Paralyzed Worms Add Pieces to the Puzzle of RNA Interference
HHMI researchers pinpoint several genes involved in RNA interference.
Using genetically altered strains of the roundworm C. elegans, scientists have revealed some of the genetic components responsible for a still-mysterious cellular process called RNA interference (RNAi)in which double-stranded RNA triggers the degradation of a homologous messenger RNA.
The findings show that some of the same genes are involved in RNAi and nonsense-mediated decay, a protective mechanism that may be used by cells to proofread newly created messenger RNA (mRNA) and to prevent the production of defective protein molecules.
In these days when we know so much about molecular biology and yet find a new pathway, it's very exciting.
Brenda L. Bass
In an article published in the September 15, 2000, issue of the journal Science, Howard Hughes Medical Institute investigator Brenda L. Bass, geneticist Susan Mango and their colleagues at the University of Utah report that three of seven genes of the smg gene family are involved in both nonsense-mediated decay and RNAi.
"Nobody knows the purpose of RNAi," said Bass. "All we know is that it seems to be an intrinsic regulatory process, and in these days when we know so much about molecular biology and yet find a new pathway, it's very exciting."
Molecular biologists have used double-stranded RNAi as a tool to degrade mRNA in cells to shut down the effects of specific genes in C. elegans, Drosophila and many other cell-types. Since nonsense-mediated decay also involves mRNA degradation, Bass and Mango decided to explore whether RNAi requires the smg genes, which were known to be involved in nonsense-mediated decay.

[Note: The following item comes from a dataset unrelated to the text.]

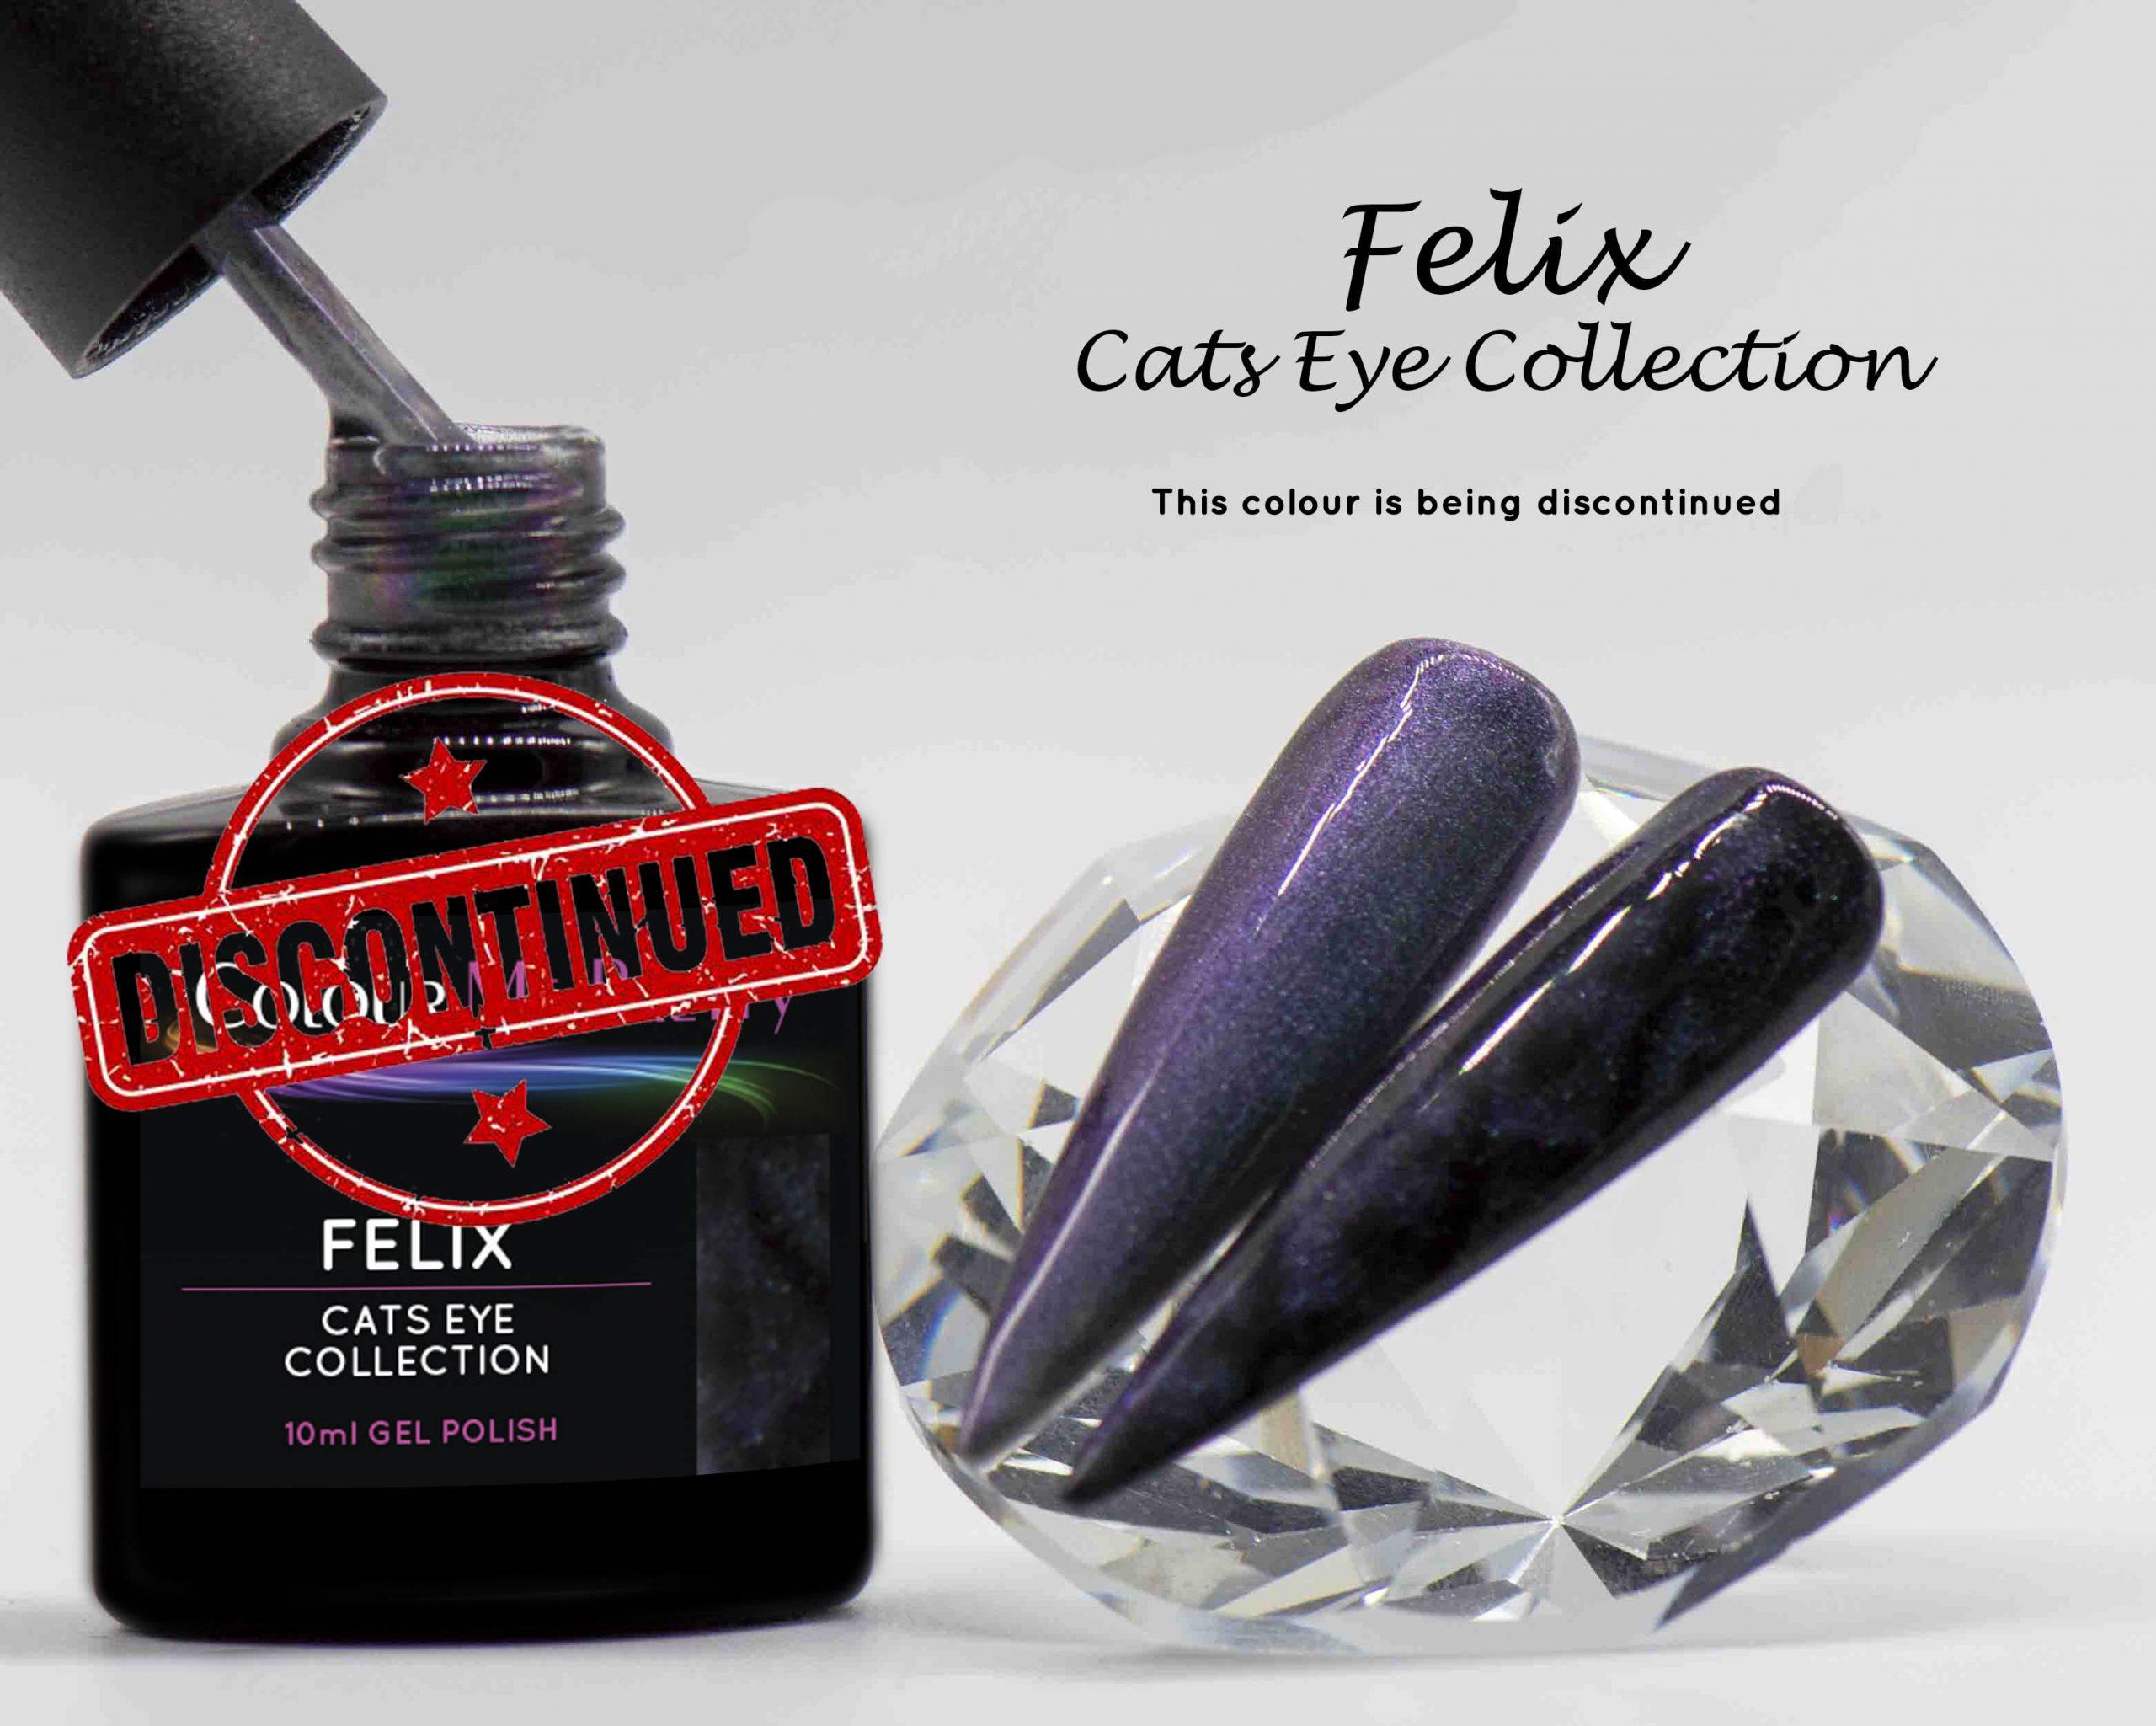 Cats Eye Felix Discontinued

To test this possibility, they obtained C. elegans strains containing mutations in the various smg genes. They next injected these strains and a wild-type strain with double-stranded RNA designed to interfere with production of myosin, a protein that is critical to muscle development. Thus, the scientists could quantify the effectiveness of RNAi by measuring paralysis in the worms using a crawl assaya test of the worms' ability to move across a laboratory dish.
"In wild-type worms, we found that the progeny treated with RNAi were paralyzed from day one and remained paralyzed," said Bass. "So, the RNAi technique completely interfered with their muscle development.
"But when we did the same experiment in worms with mutations in some of the smg genes, the RNAi worked very well on day one. But on days two, three and four, the worms recovered until they moved exactly like the wild-type worms." The experiments showed that smg-2, smg-5 and smg-6 seemed to be required for the persistence of RNAi. According to Bass, the recovery of the worms offers important clues to the relationship between RNAi and nonsense-mediated decay.
"Our data do not say that nonsense-mediated decay is required for RNAi because the worms are paralyzed on day one. But it does seem that some of the smg genes are required for persistence of the RNAi effect. This seems to mean that some of the smg genes required for nonsense-mediated decay are also playing some sort of direct role in RNAi."
To confirm the connection between the processes, the scientists also performed biochemical experiments in which they monitored the levels of mRNA for the myosin-related gene as the smg -mutant animals proceeded through the paralysis induced by RNAi and subsequent recovery.
"We found that, in fact, the mRNA levels for the completely paralyzed worms were very low and as the worms recovered from paralysis, their mRNA levels came up, too," said Bass.
Bass emphasized that the latest findings add only a small piece to a much larger puzzle of nonsense-mediated decay, RNAi and their functions in the cell. "It's difficult to come up with models because we know so little about these processes," she said. "Nonsense-mediated decay is thought to involve some sort of sensing or scanning of the mRNA to make sure it's O.K. in terms of its sequence or perhaps its assembly into a three-dimensional RNA-protein complex. Stop codons in the wrong place are a signal that the mRNA is not OK and should be degraded. It’s intriguing to speculate that maybe the interaction of an mRNA with a complementary sequence can feed into this pathway and also provide a signal for degradation.
"Clearly, this is a fascinating unknown frontier in molecular biology, and we have only provided another clue that sets the stage for further experiments," said Bass.